An increase a number drug-resistant strains of the Candida species caused systemic invasive fungal infections has become the inspiration to perform studies of antifungal activity of fluconazole modified by copper ions binding. The antifungal activity of FLZ-Cu was elaborated and explored. However, only slightly improved effect on the drug-resistant strains of C. glabrata and a moderate on susceptible C. albicans was observed.

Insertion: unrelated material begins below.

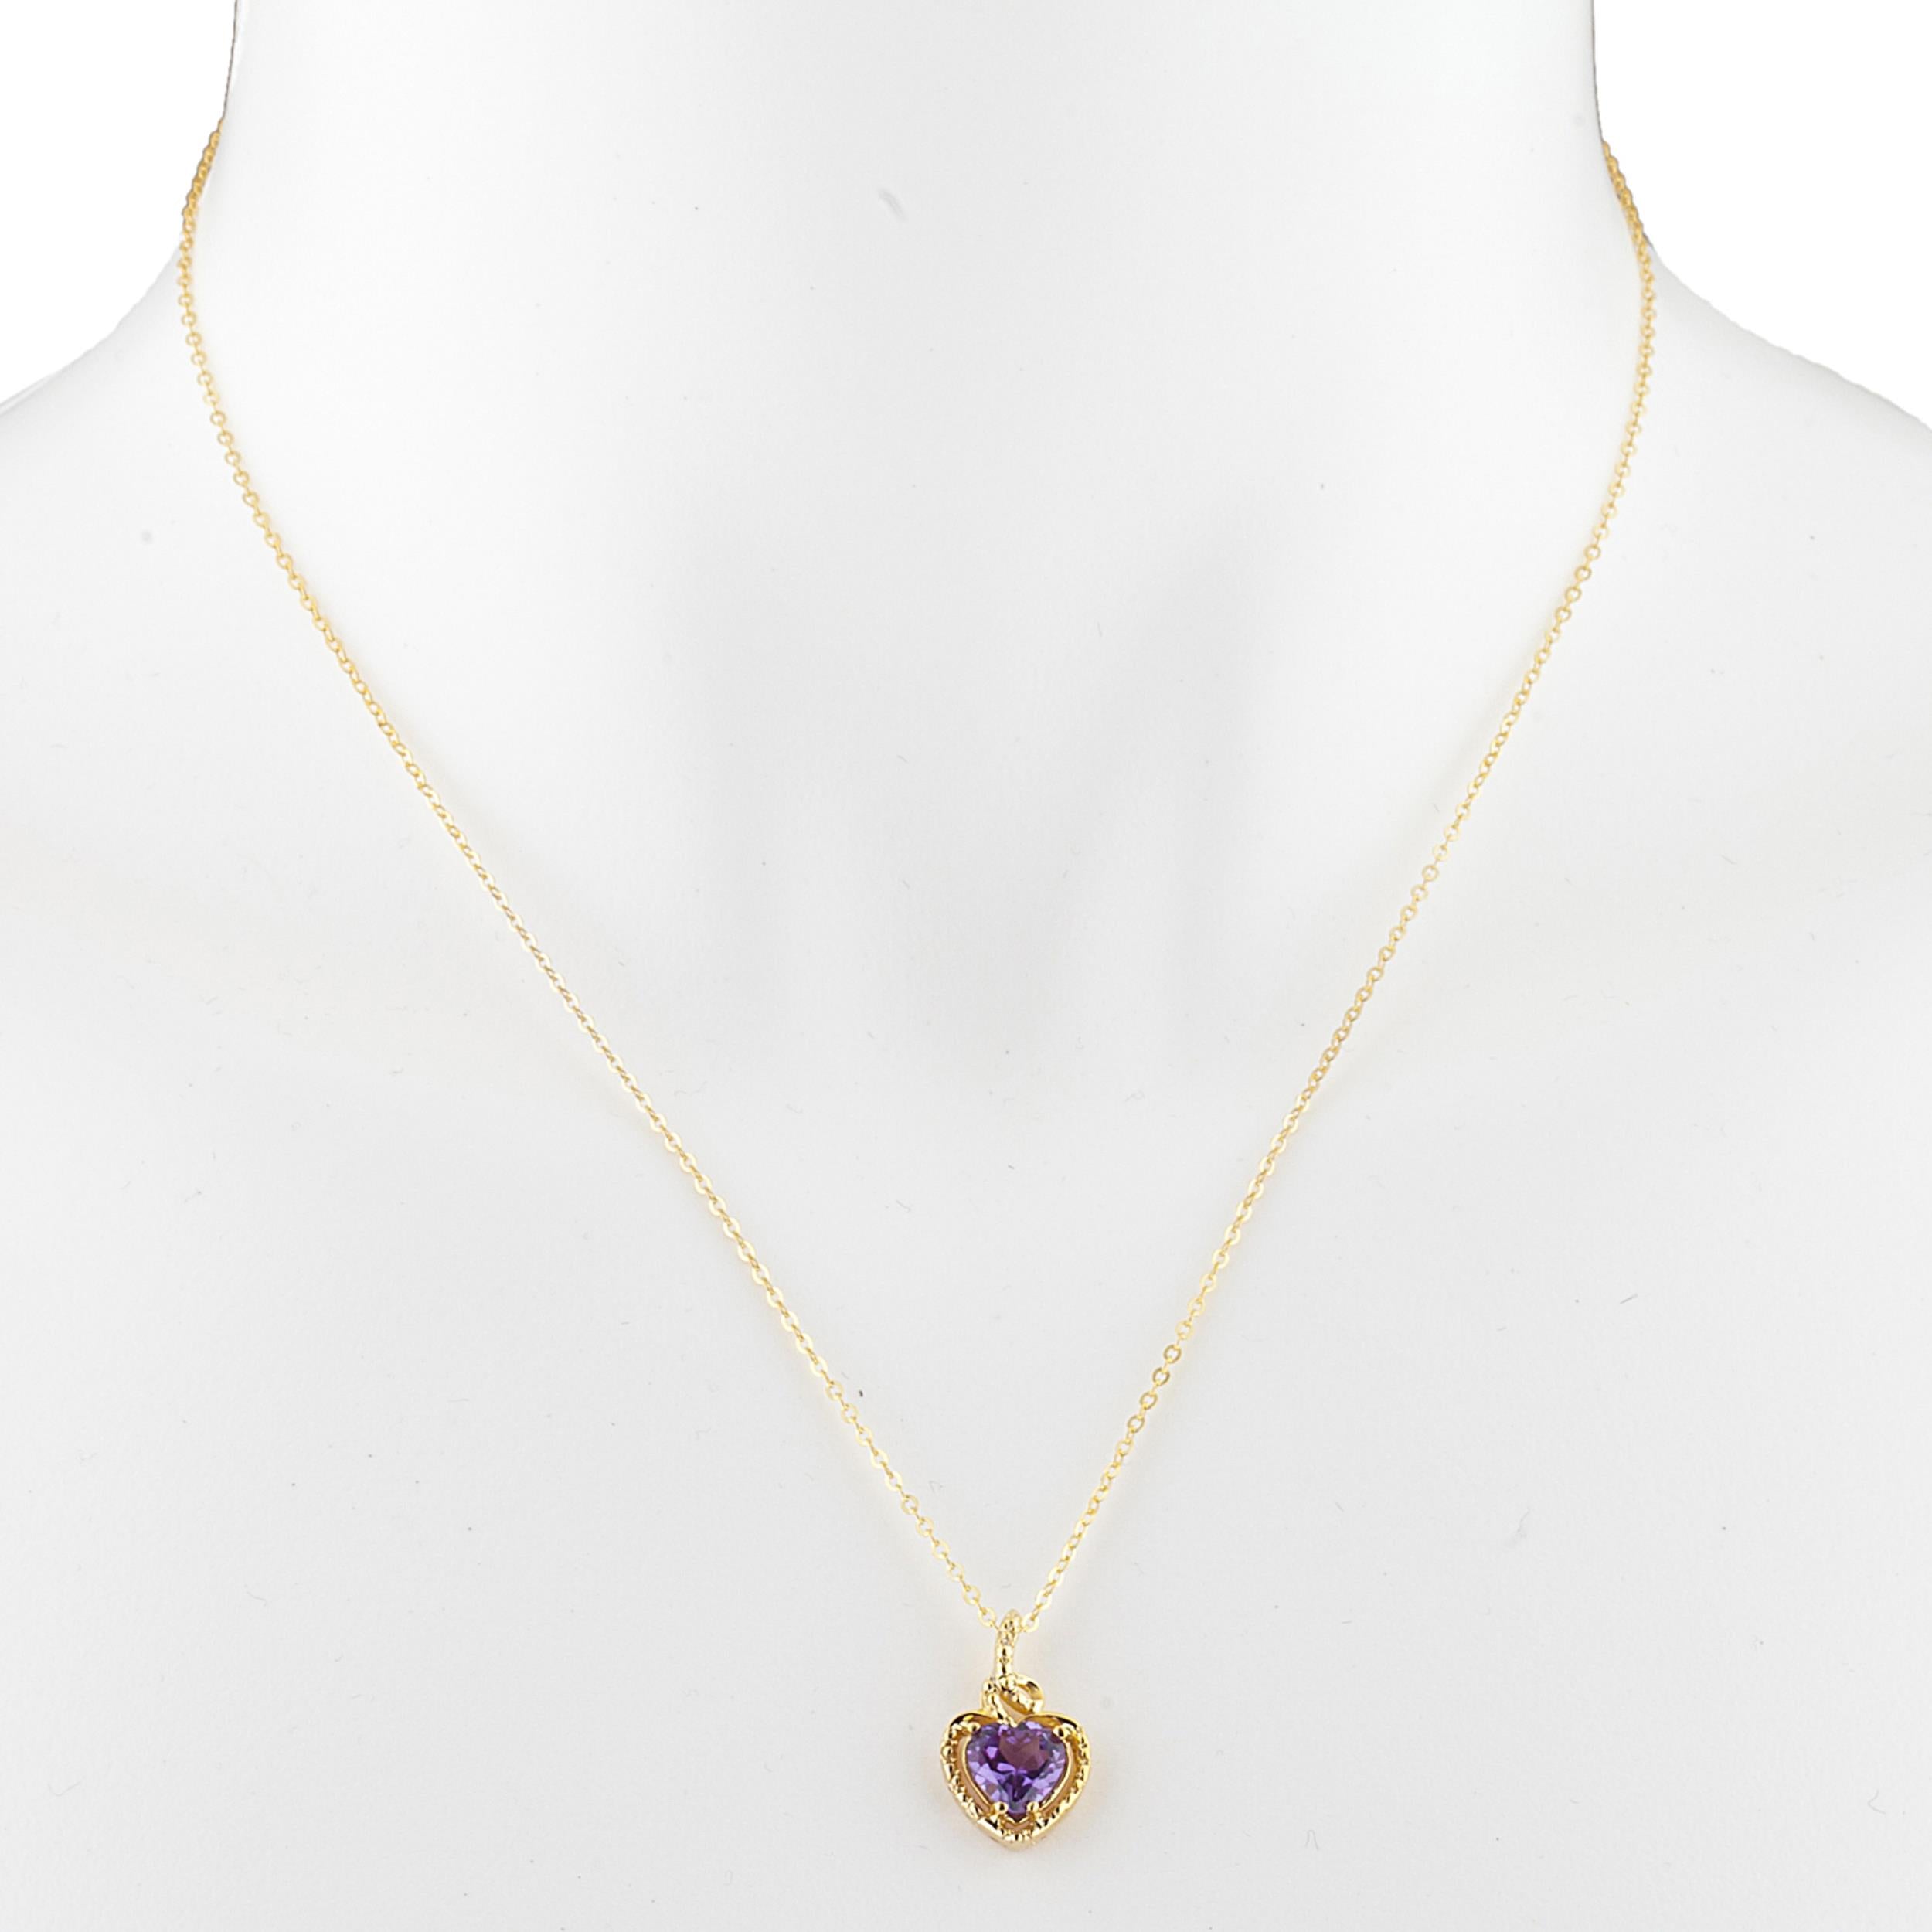 14Kt Gold Alexandrite Heart Design Pendant Necklace

Despite the same value of MICs, the percentage growth reduction of individual strains of C. glabrata and C. albicans (free living planktonic forms of Candida spp.) was greater by approximately 10–40 % for the complex in comparison with the copper-free drug. The obtained results indicate modest activity of the FLZ-Cu complex for chosen strains but may help to define a new direction for studies of antifungal drugs.